Computational biology, chemistry and materials engineering are based on the ability to anticipate the time evolution of matter on an atomic scale. While quantum mechanics governs the vibrations, migration, and bond dissociation of atoms and electrons at a minute level, the phenomena that govern observable physical and chemical processes often occur over considerably greater lengths and longer time scales. Innovation is required both in highly parallelizable architectures with access to exascale processors and in fast, highly accurate computational ways to capture the quantum interactions to bridge these sizes. Current computational approaches cannot test the structural complexity of realistic physical and chemical systems, and the duration of their observable evolution is too long for atomistic simulations.
There has been a lot of research on MLIPs (Machine Learning Interatomic Potentials) in the last two decades. The energies and forces learned from the high-precision reference data are used to drive the MLIPs, which scale linearly with the number of atoms. Early attempts used a Gaussian process or a simple neural network along with manually constructed descriptors. Early MLIPs had poor predictive accuracy because they could not generalize to data structures not present in the training, leading to brittle simulations that could not be used elsewhere.
New research from the Harvard lab demonstrates that biomolecular systems with up to 44 million atoms can be accurately modeled SOTA using Allegro. The team used a large, pre-trained Allegro model for systems with atom counts ranging from 23,000 for DHFR to 91,000 for Factor IX, 400,000 for cellulose, 44,000,000 for the HIV capsid, and over 100,000 for others. systems. An Allegro model pretrained with 8 million weights is used, with a forced error of only 26 meV/A achieved by training on 1 million structures with hybrid functional precision on the fantastic SPICE dataset. Rapid exascale simulations of fringes of previously unimaginable material systems are made possible by the potential to learn entire sets of inorganic materials and organic molecules at this scale of data.
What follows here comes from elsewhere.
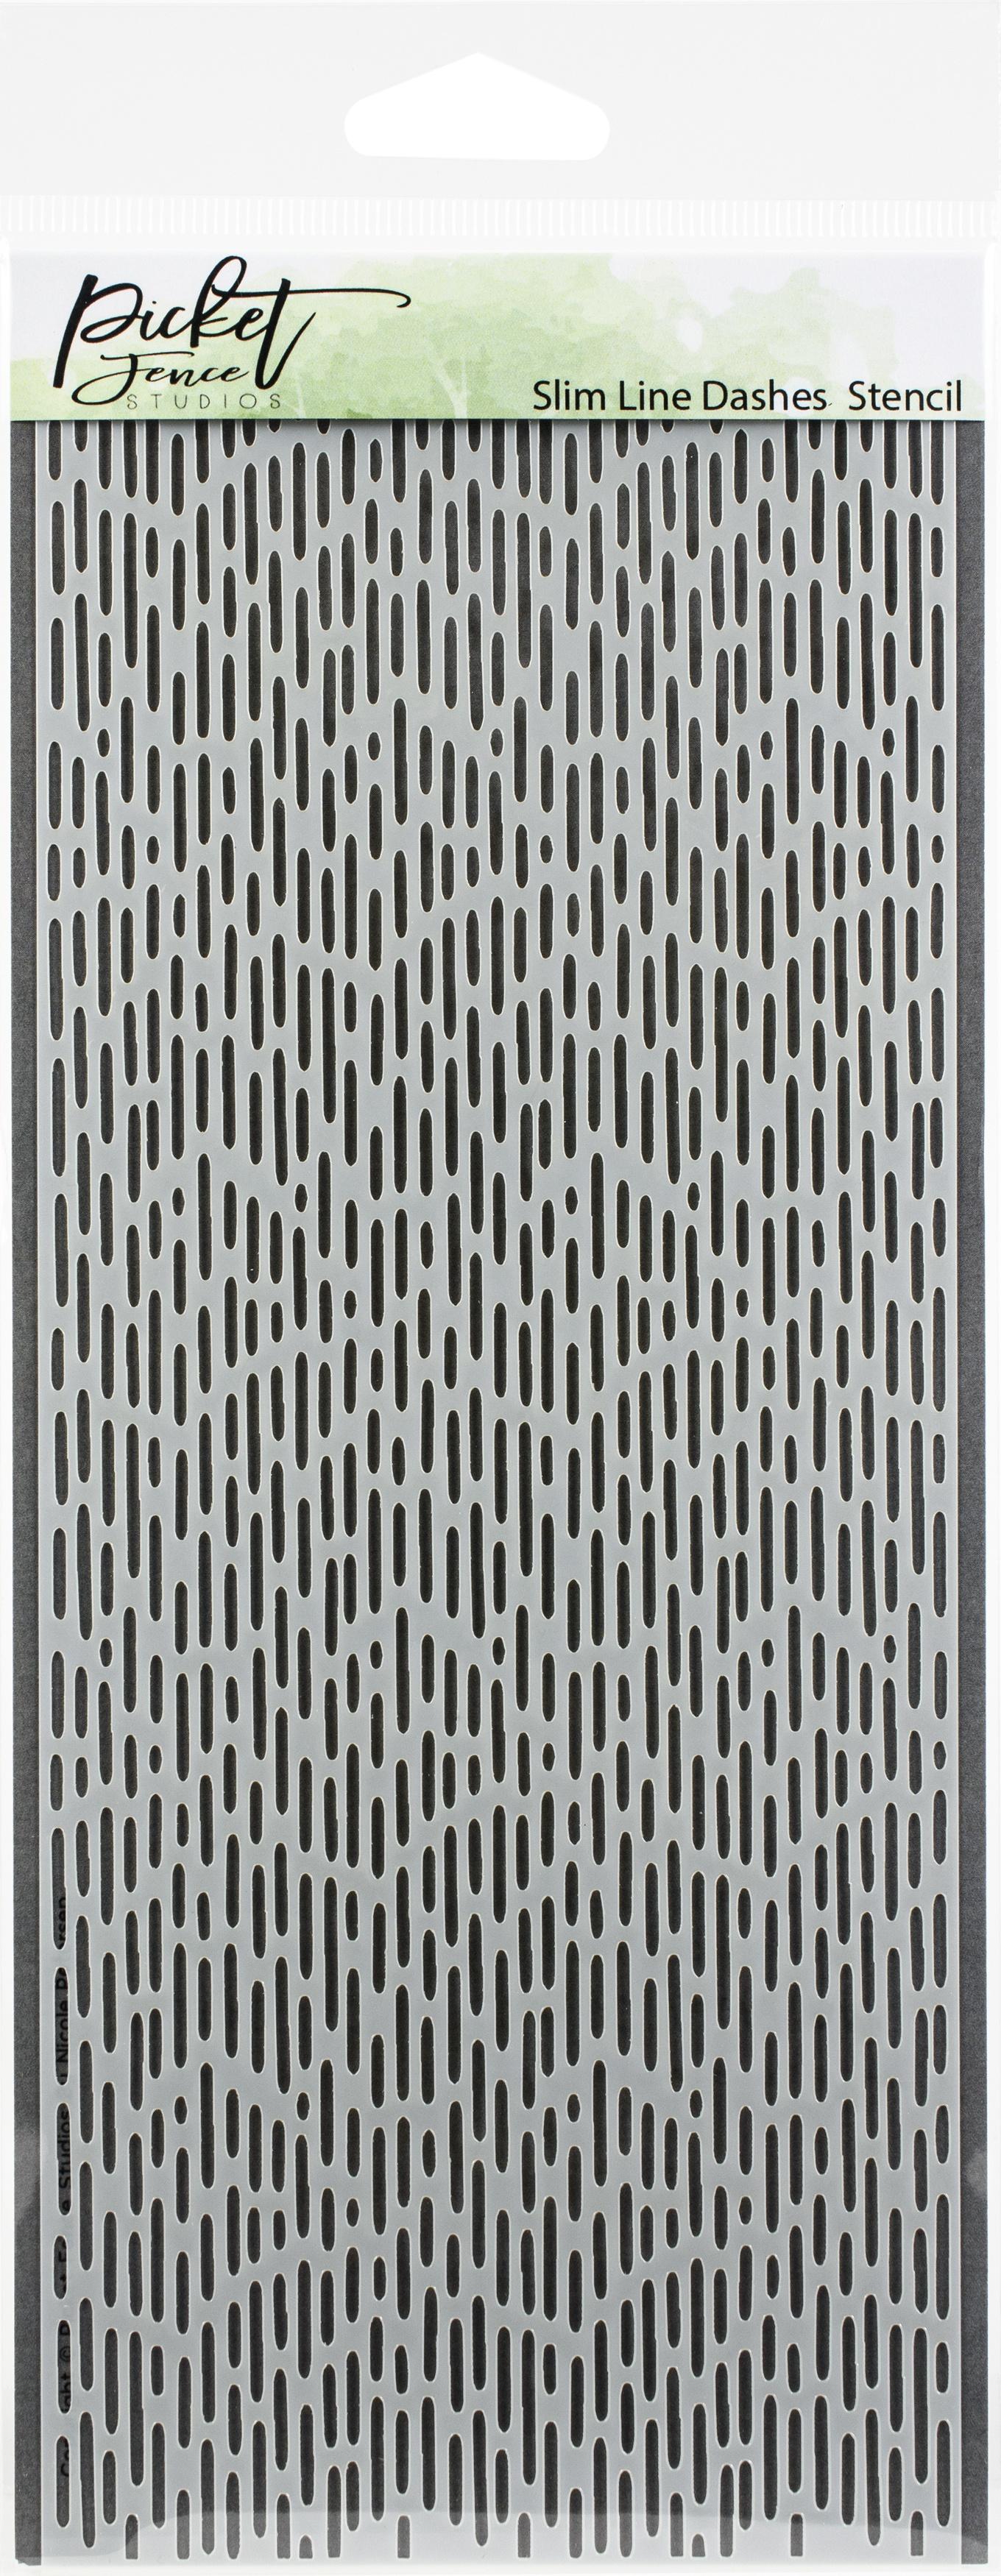 Picket Fence Studios Stencil 4X8-Slim Line Dashes

This is a very large and powerful model, with 8 million pesos.
To undertake action learning for the automatic construction of training sets, the researchers demonstrated that it is possible to efficiently quantify the uncertainty of the force and energy predictions of the deep equivalent model. Since the equivalent models are accurate, the accuracy bottleneck now lies in the quantum electronic structure calculations needed to train MLIP. Since Gaussian mixture models can be easily fitted in Allegro, it will be possible to run large-scale uncertainty-aware simulations with a single model rather than an ensemble.
Allegro is the only scalable approach that outperforms traditional transformer-based and message transfer designs. In several large systems, they show maximum speeds of more than 100 steps/second and the results extend to more than 100 million atoms. Even at the large scale of 44 million atoms in the HIV capsid, where flaws are generally considerably more obvious, the simulations are stable for nanoseconds out of the box. The team had almost no problems during production.
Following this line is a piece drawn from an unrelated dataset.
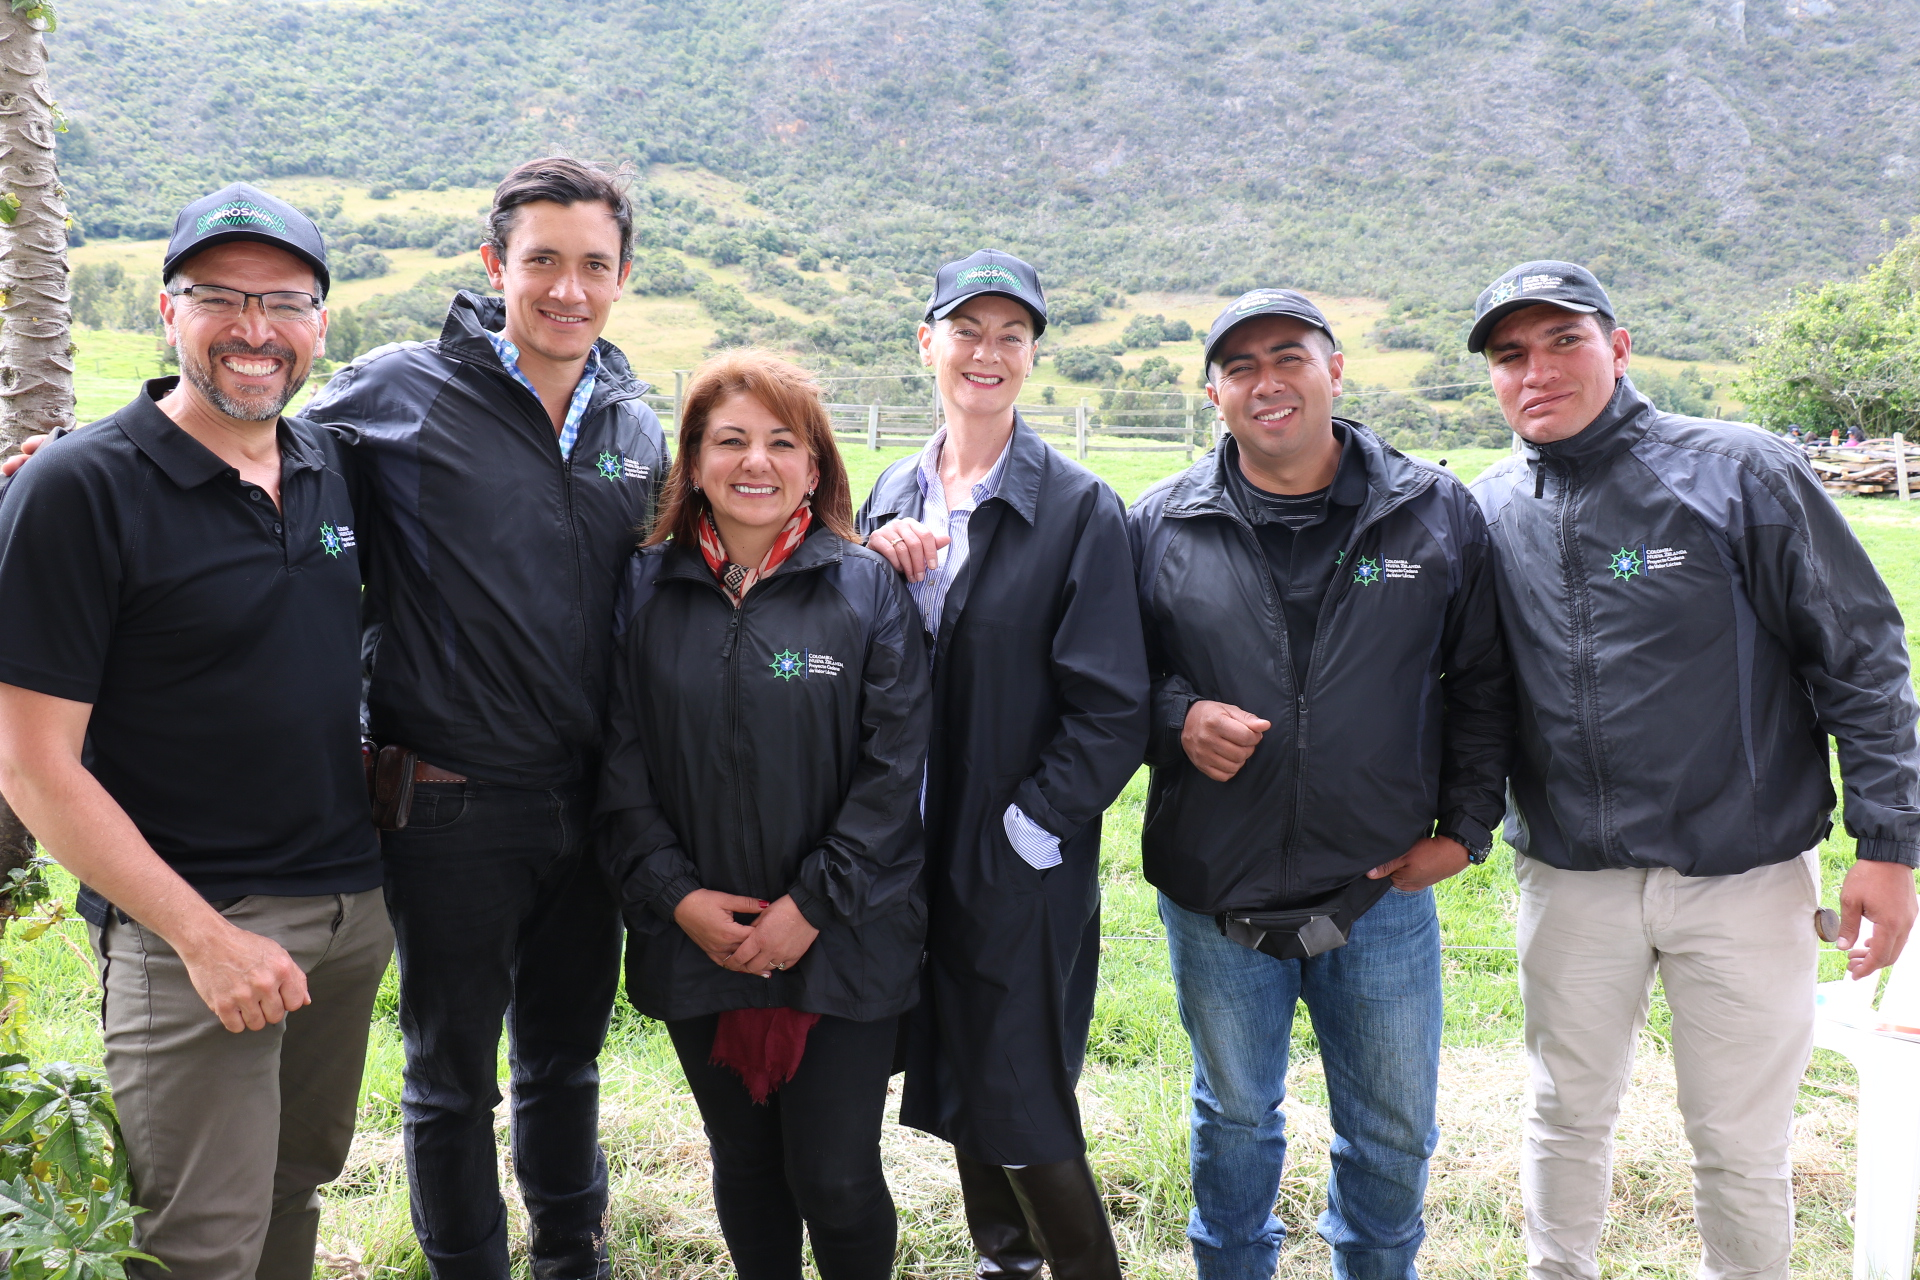 Our team in Colombia: Juan, Carlos, Giovanna, NZ Ambassador Lucy Duncan, Jesus, Camilo

To better understand the dynamics of huge biomolecular systems and the atomic-level interactions between proteins and drugs, the team hopes their work will pave the way for new avenues in biochemistry and drug discovery.
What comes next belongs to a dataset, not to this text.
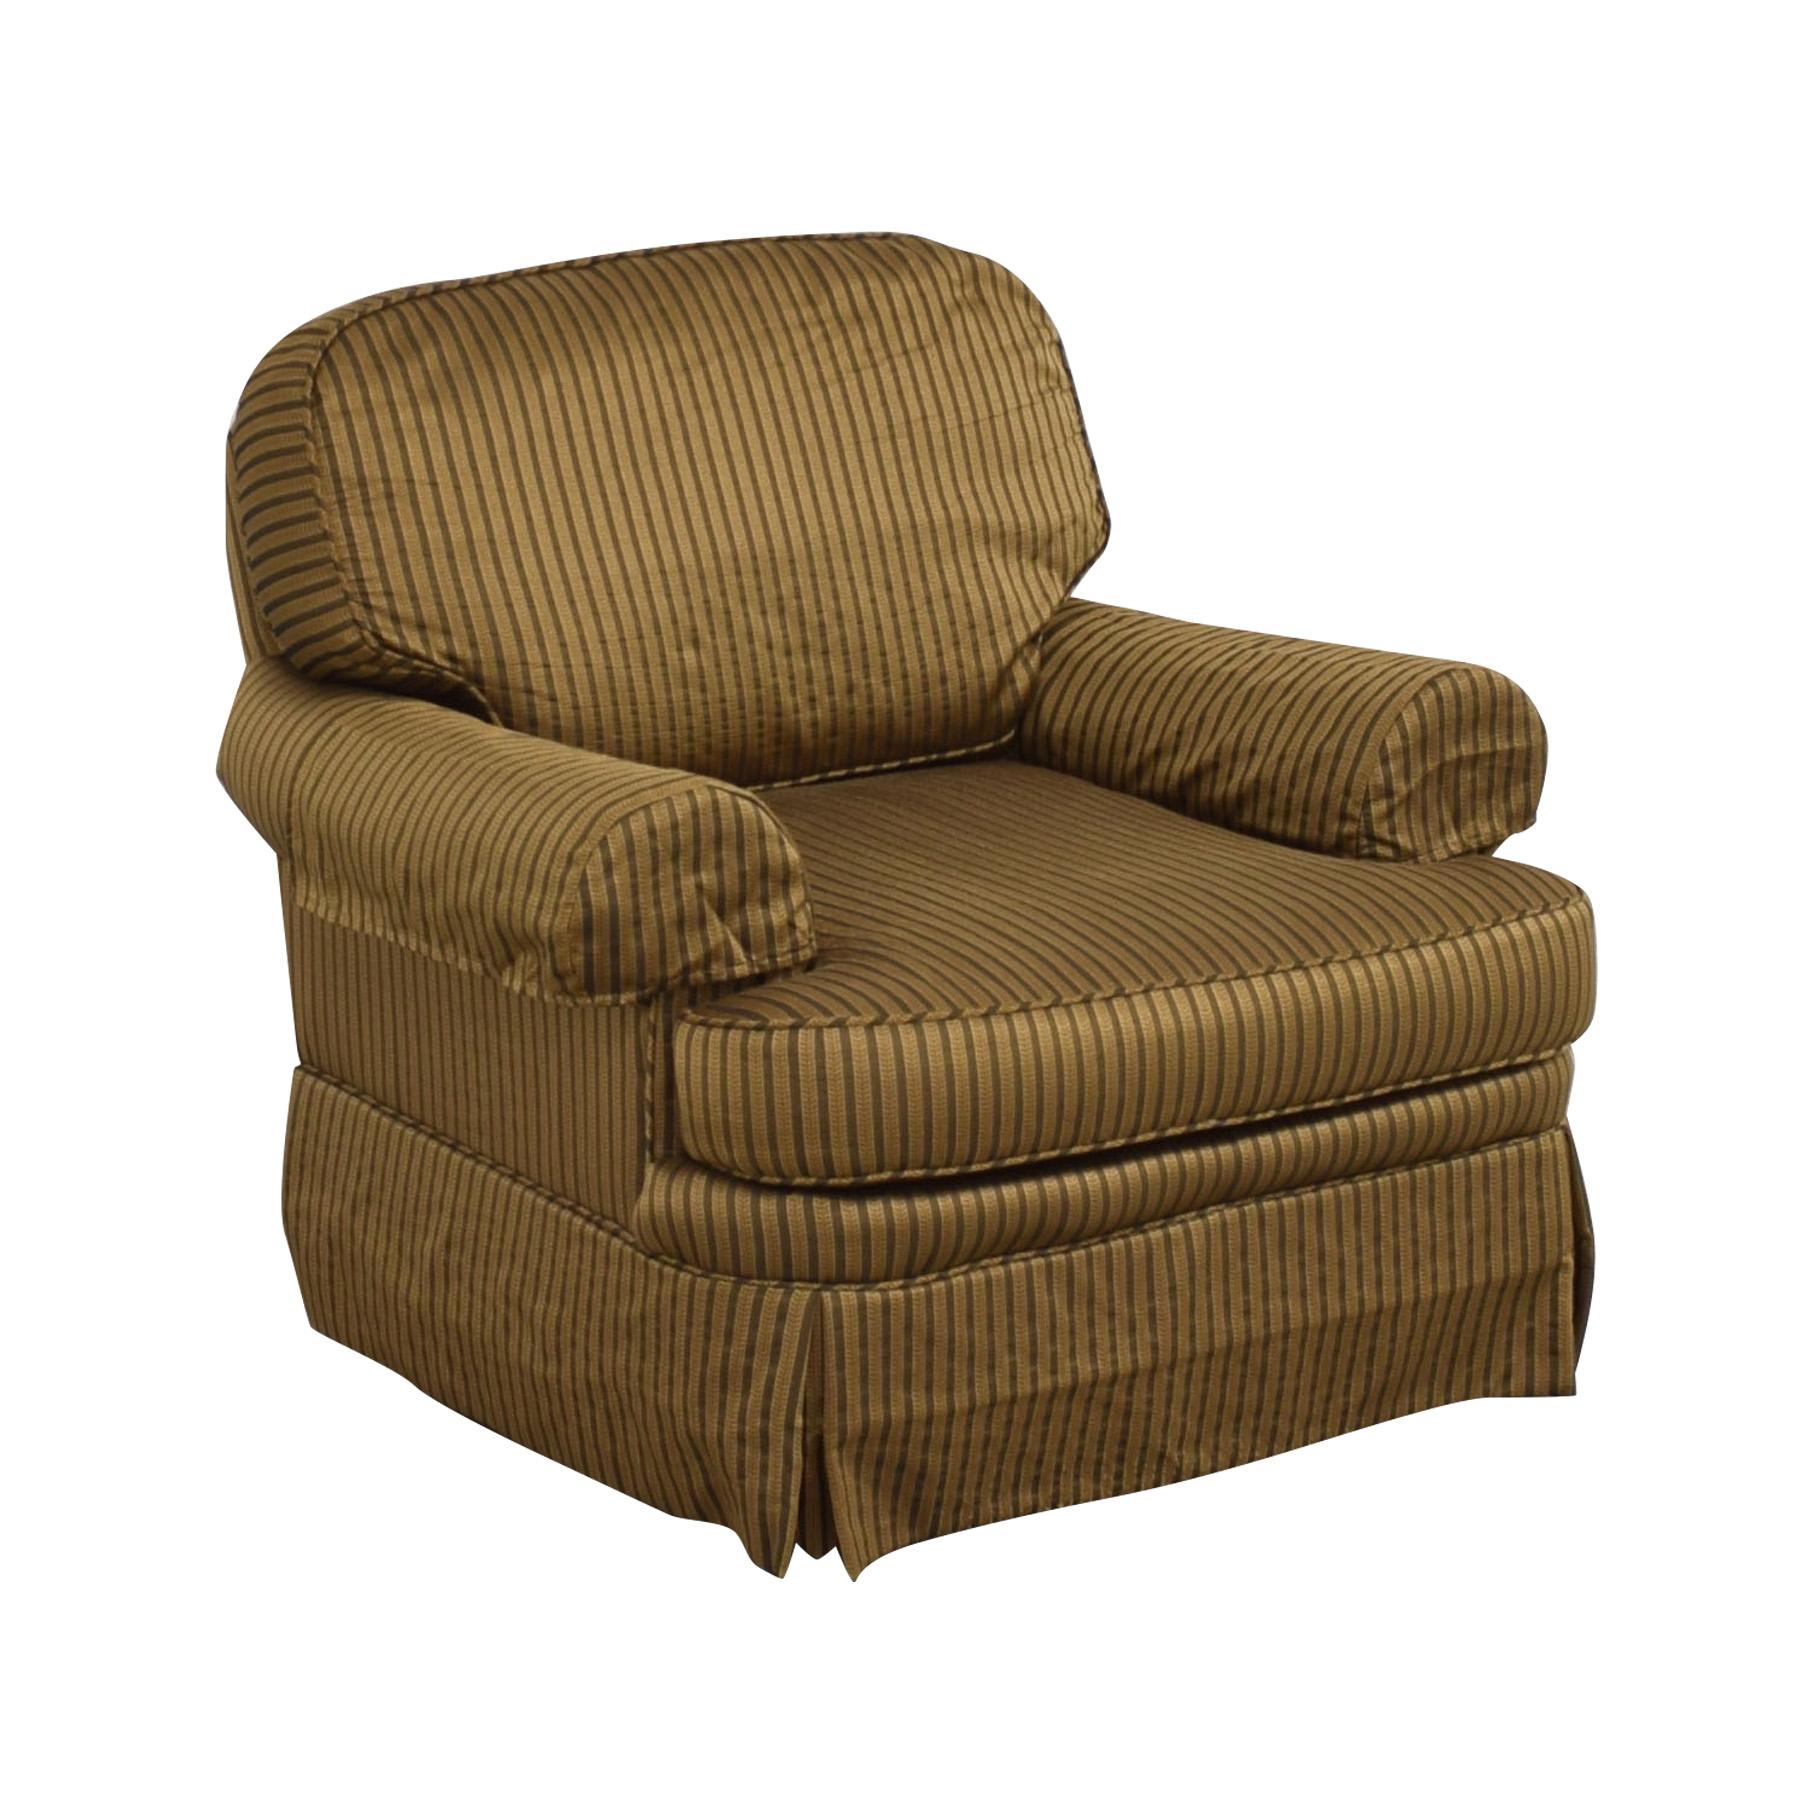 Woodmark Swivel Chair sale

review the Paper. Don’t forget to join our 20k+ ML SubReddit, discord channel, and electronic newsletter, where we share the latest AI research news, exciting AI projects, and more. If you have any questions about the article above or if we missed anything, feel free to email us at [email protected]
🚀 Check out 100 AI tools at AI Tools Club
Tanushree Shenwai is a consulting intern at MarktechPost. She is currently pursuing her B.Tech at the Indian Institute of Technology (IIT), Bhubaneswar. She is a data science enthusiast and has a strong interest in the scope of application of artificial intelligence in various fields. She is passionate about exploring new advances in technology and its real life application.